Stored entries
_ _ _

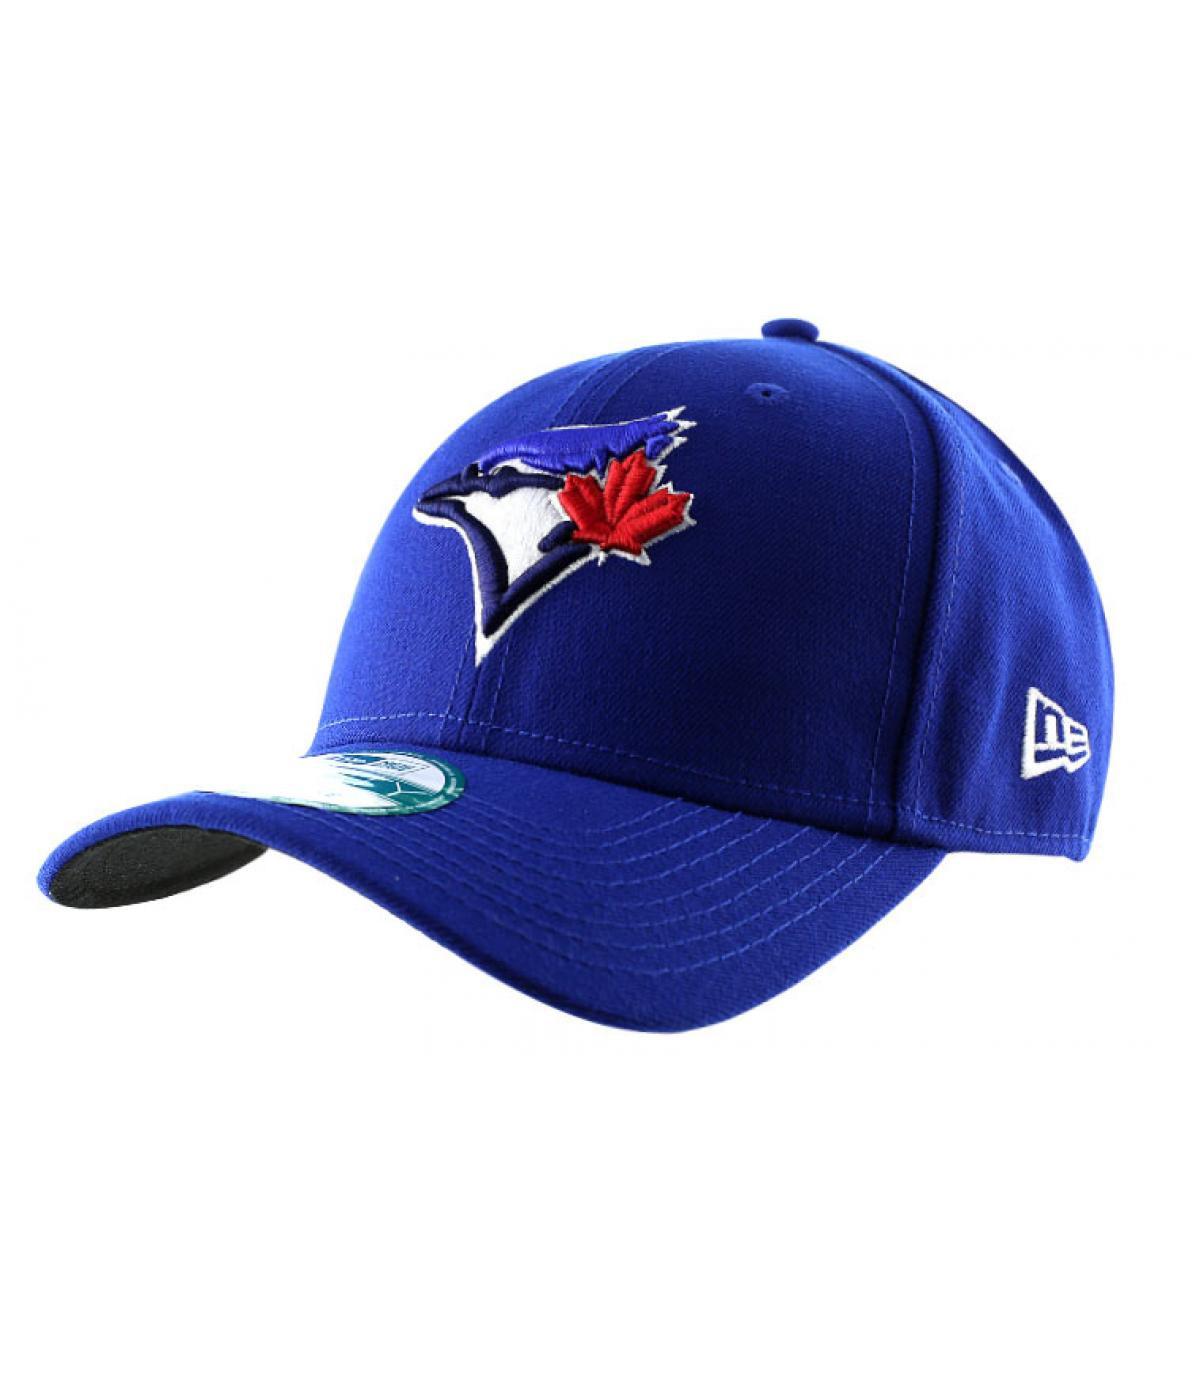 f03b90c991c6e Toronto baseball cap - League 9forty Toronto by New Era. Headict
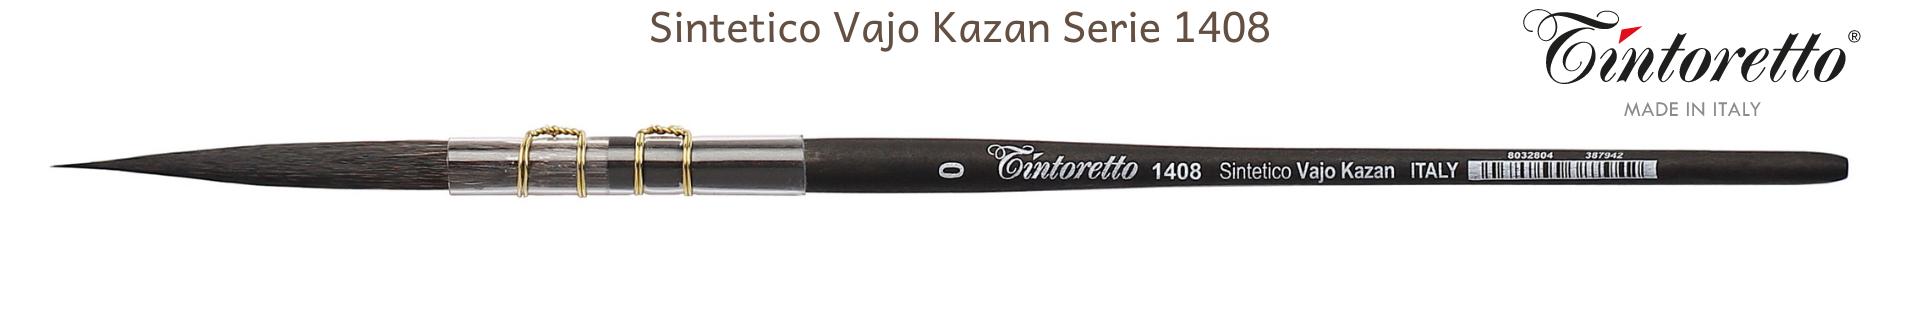 Tintoretto Vajo Kazan 1408
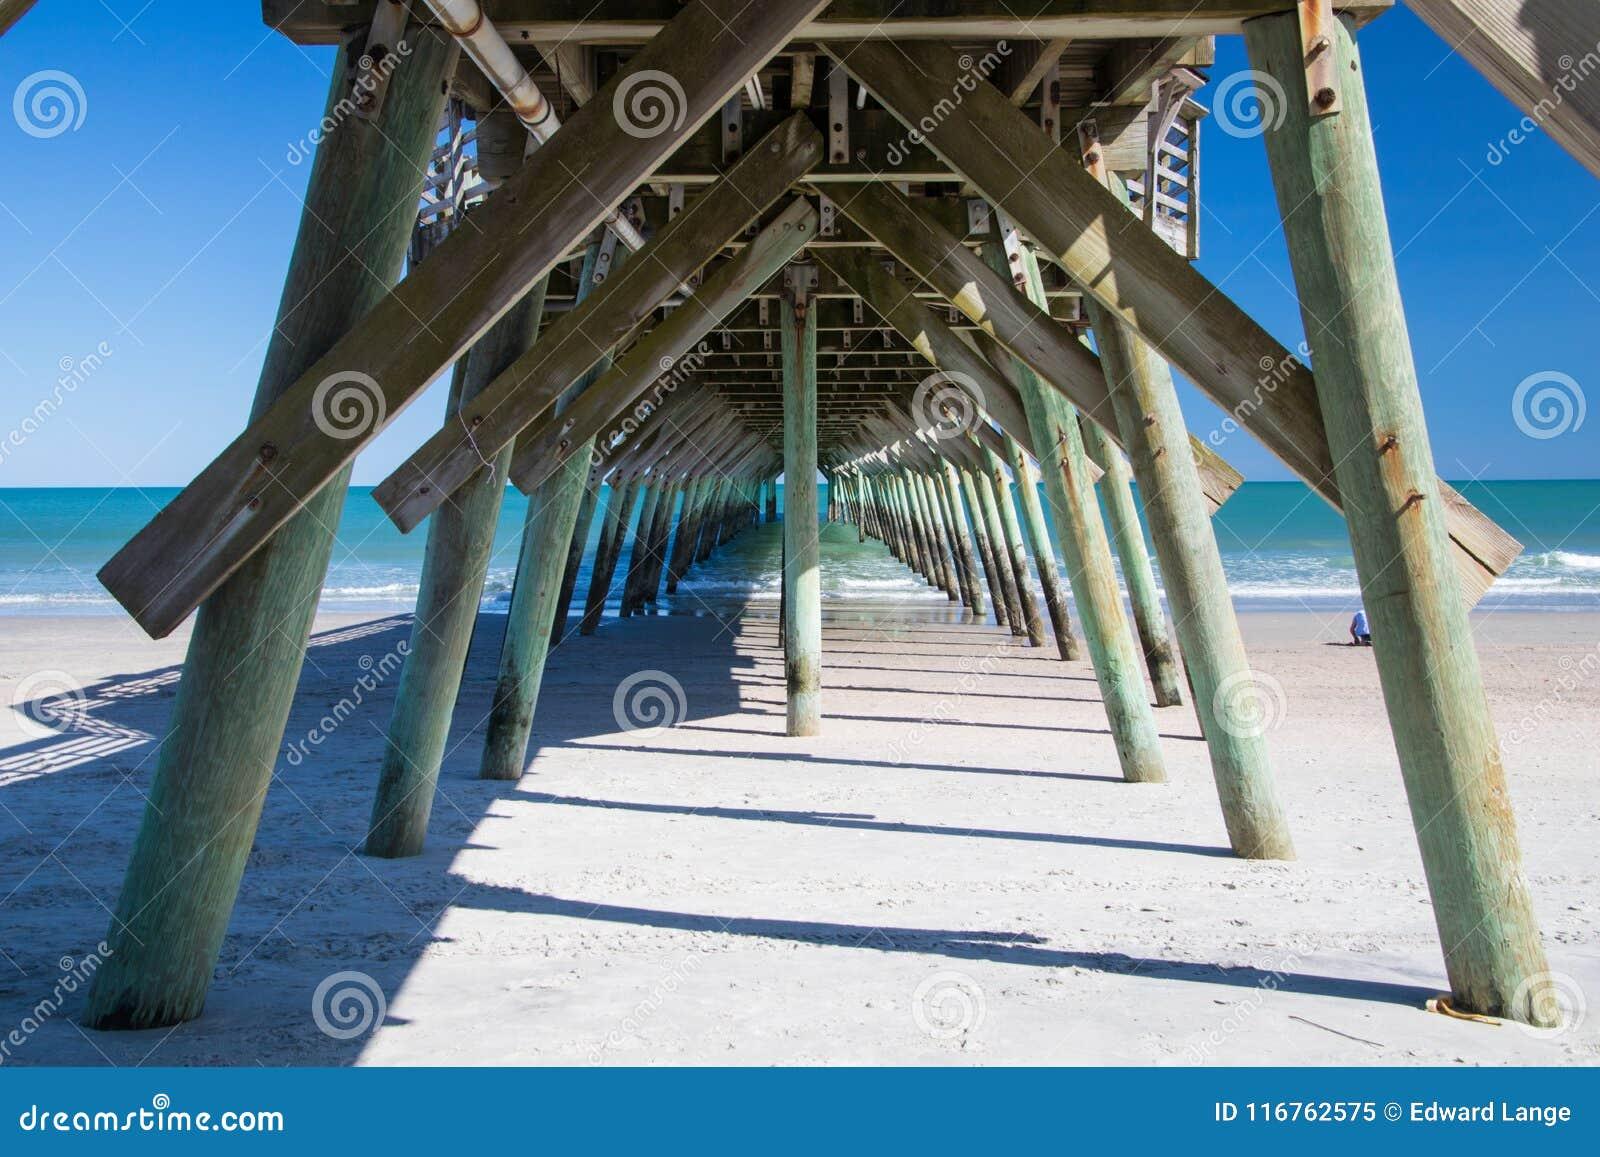 Myrtle Beach, South Carolina State Park Fishing Pier Stock ...
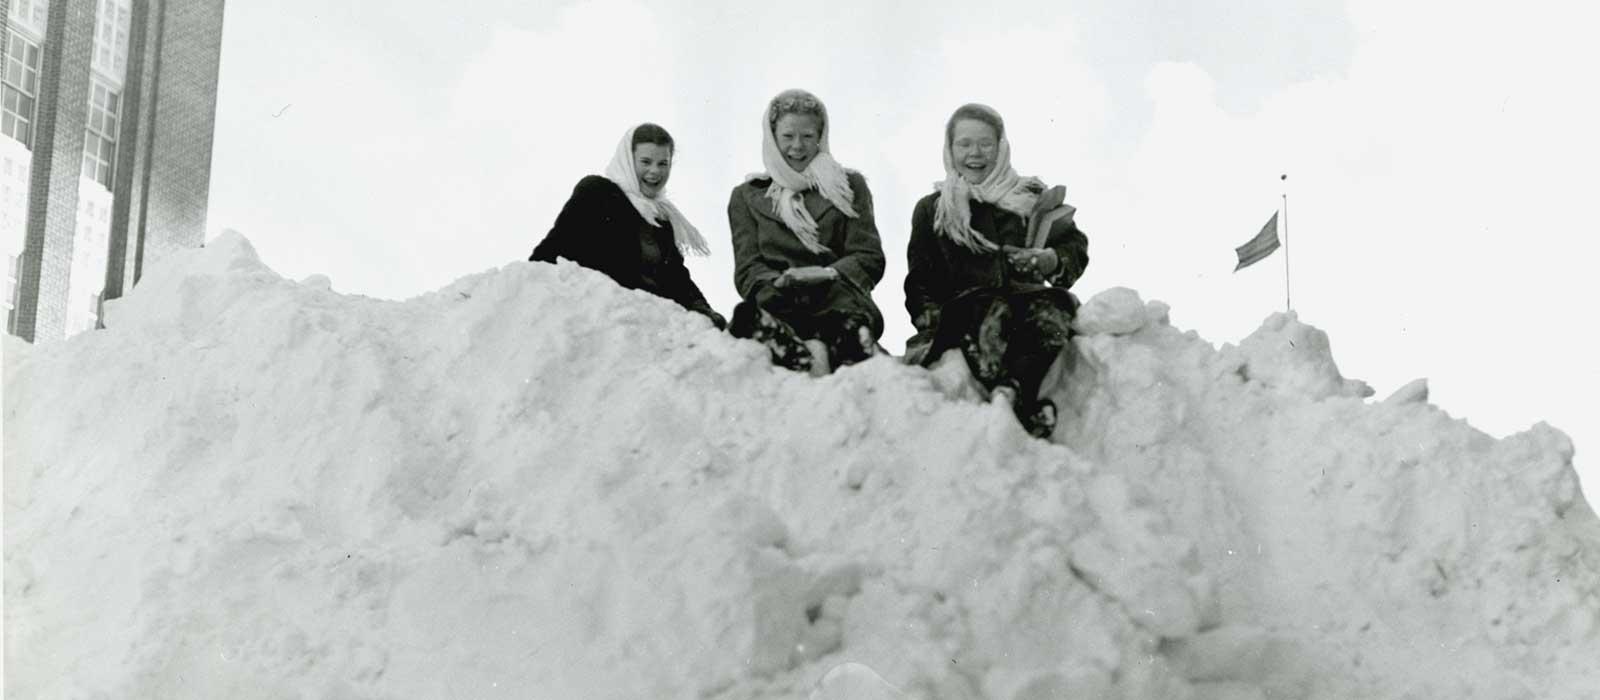 Girls on Snow Bank - Winter
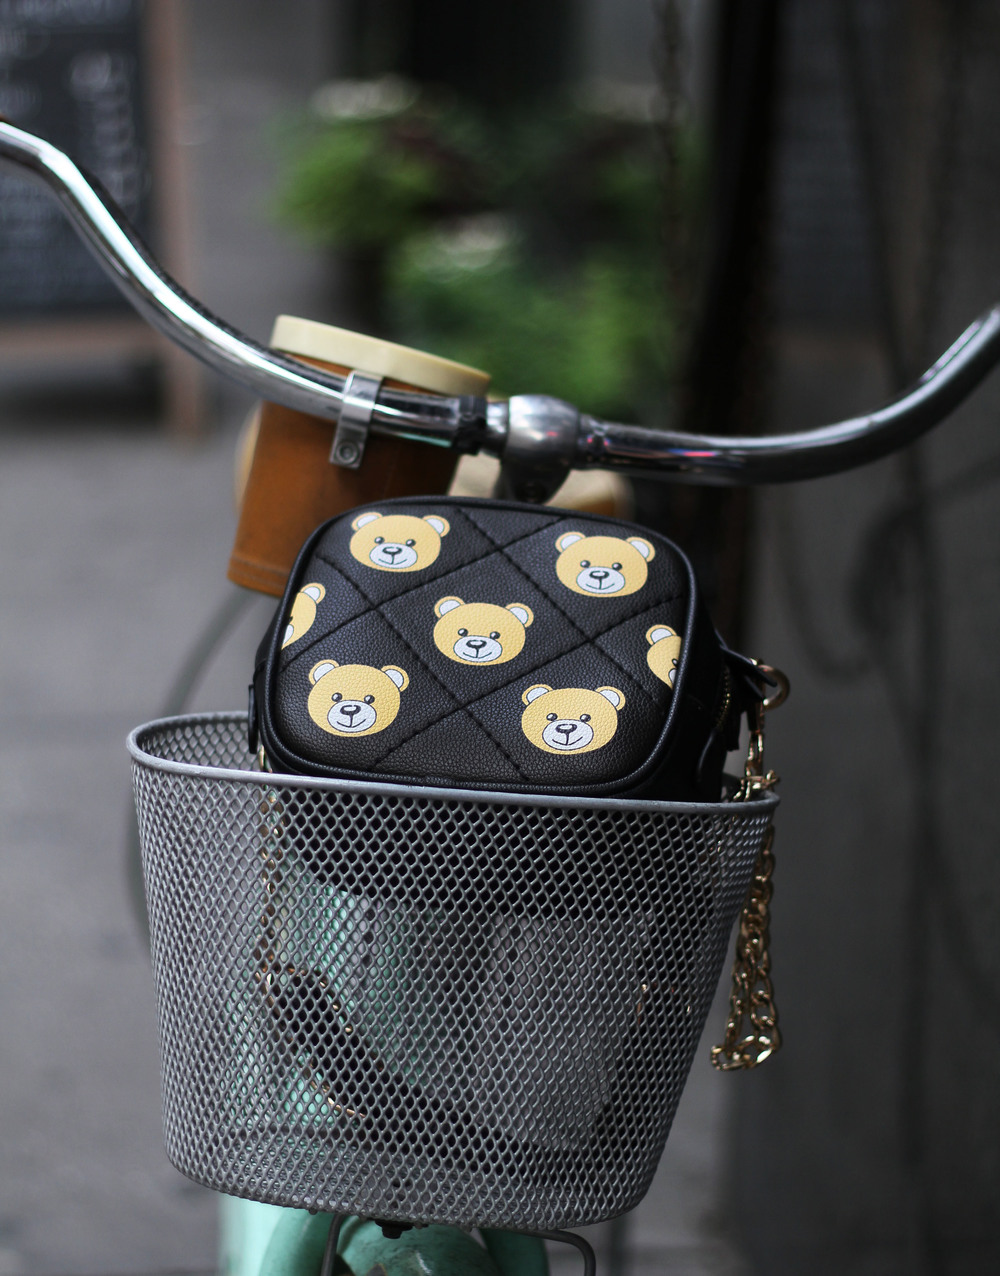 The honey bear bag fun bag 4.jpg

_ _ _

Your assignment –
Once the pictures are set aside, please output all the data word for word.

Answer below –
 f03b90c991c6e Toronto baseball cap - League 9forty Toronto by New Era. Headict
 Tintoretto Vajo Kazan 1408
 Myrtle Beach, South Carolina State Park Fishing Pier Stock ...
 Girls on Snow Bank - Winter
 The honey bear bag fun bag 4.jpg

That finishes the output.